What to work on.
Transcribe the listing exactly, leaving out every picture.
Source material Start Marker
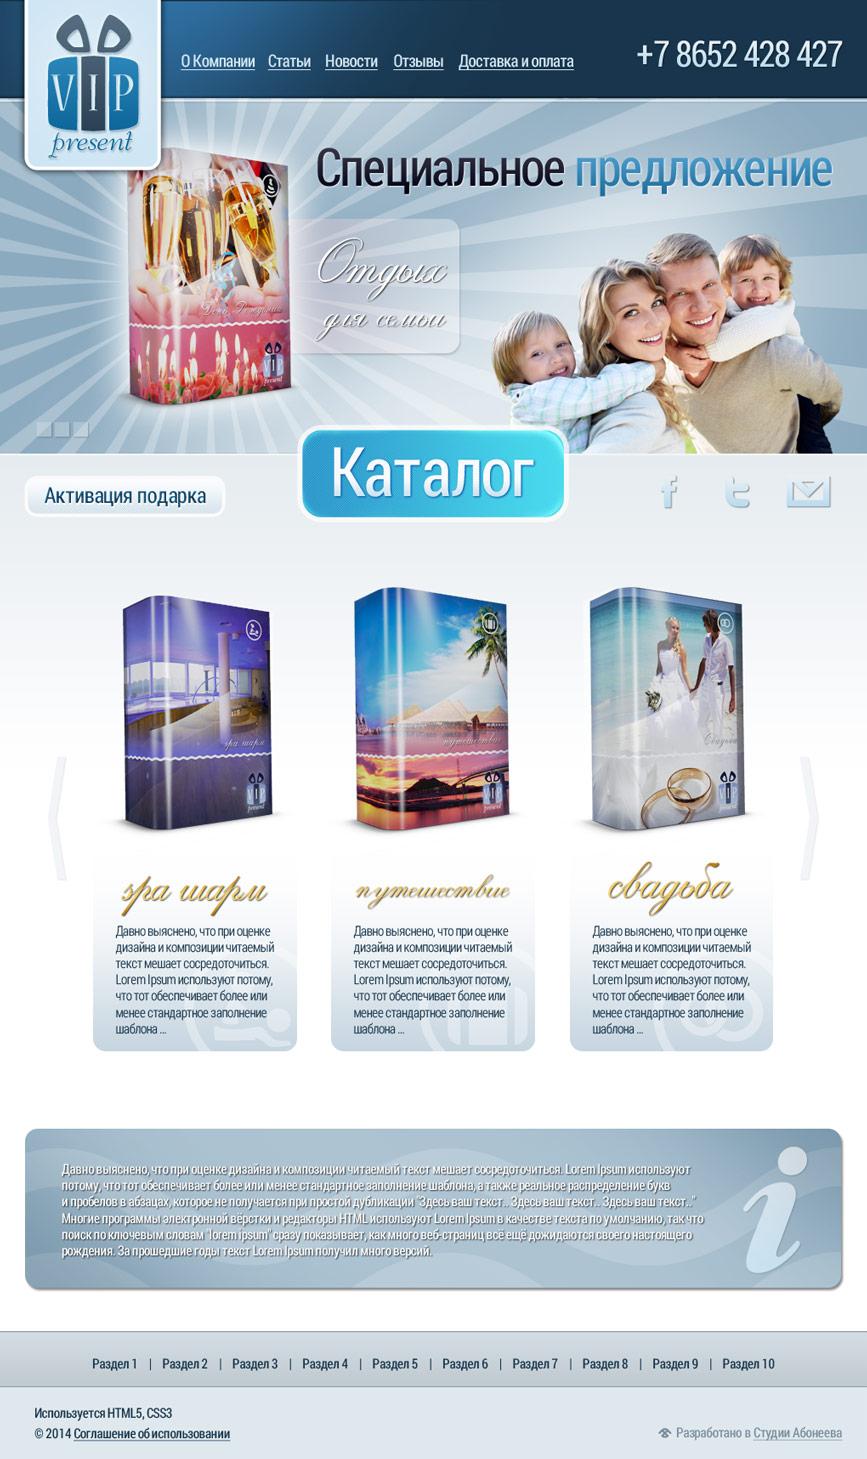 Макет главной страницы интернет-магазина подарков
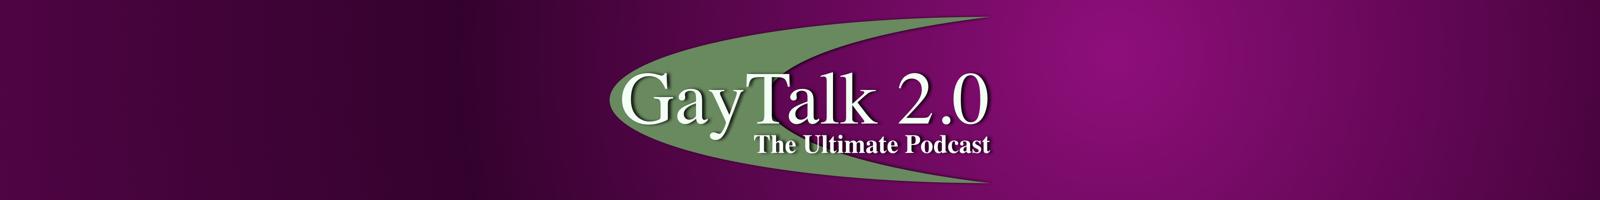 gaytalk-2-0-logo-1600-x-200-series-9-sg-window
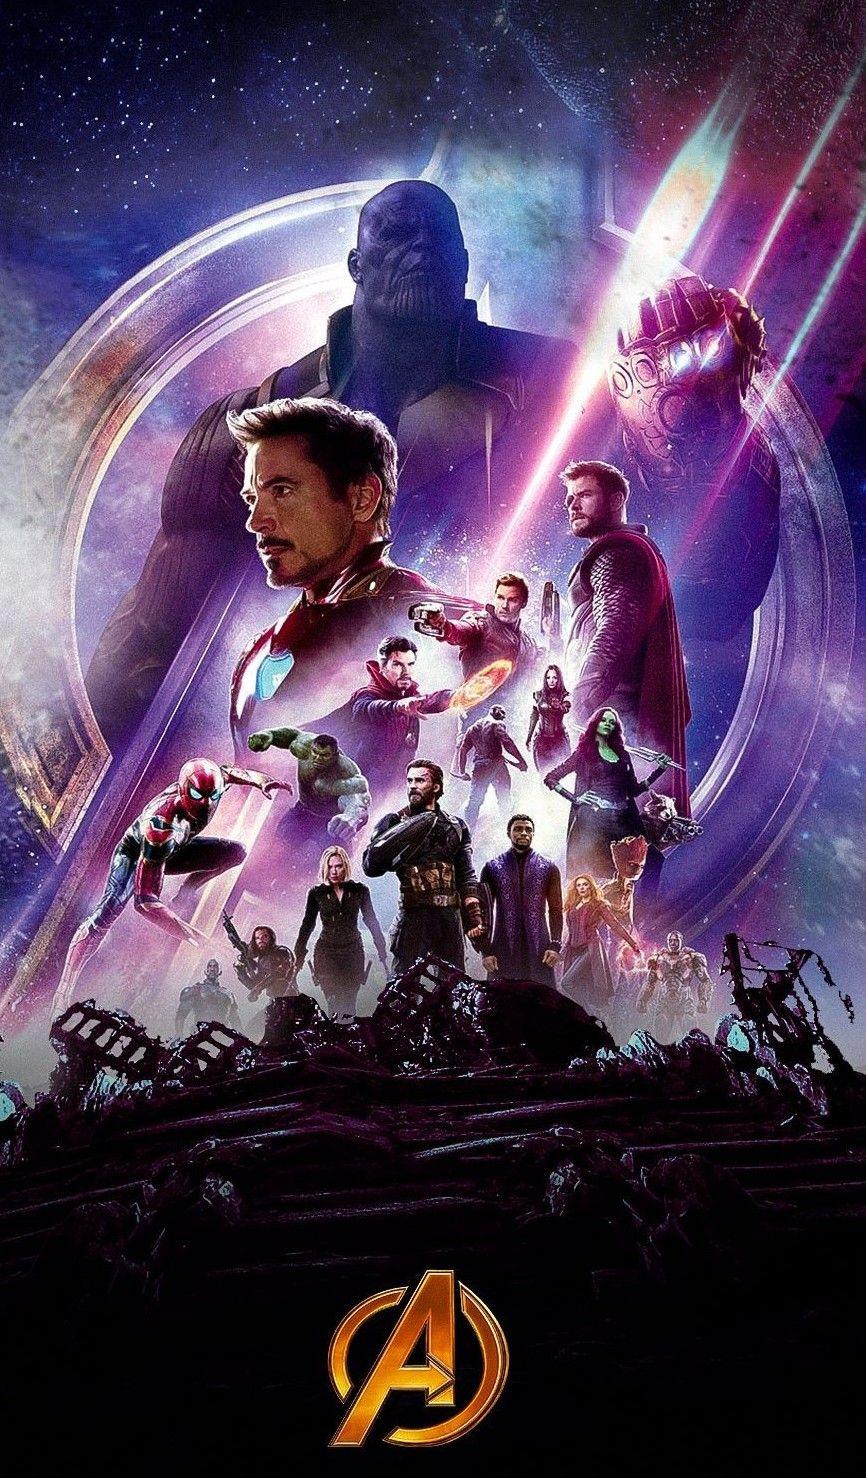 hinh-nen-avengers-infinity-full-hd-3
Source material End Marker
Expected answer.
 Макет главной страницы интернет-магазина подарков
 gaytalk-2-0-logo-1600-x-200-series-9-sg-window
 hinh-nen-avengers-infinity-full-hd-3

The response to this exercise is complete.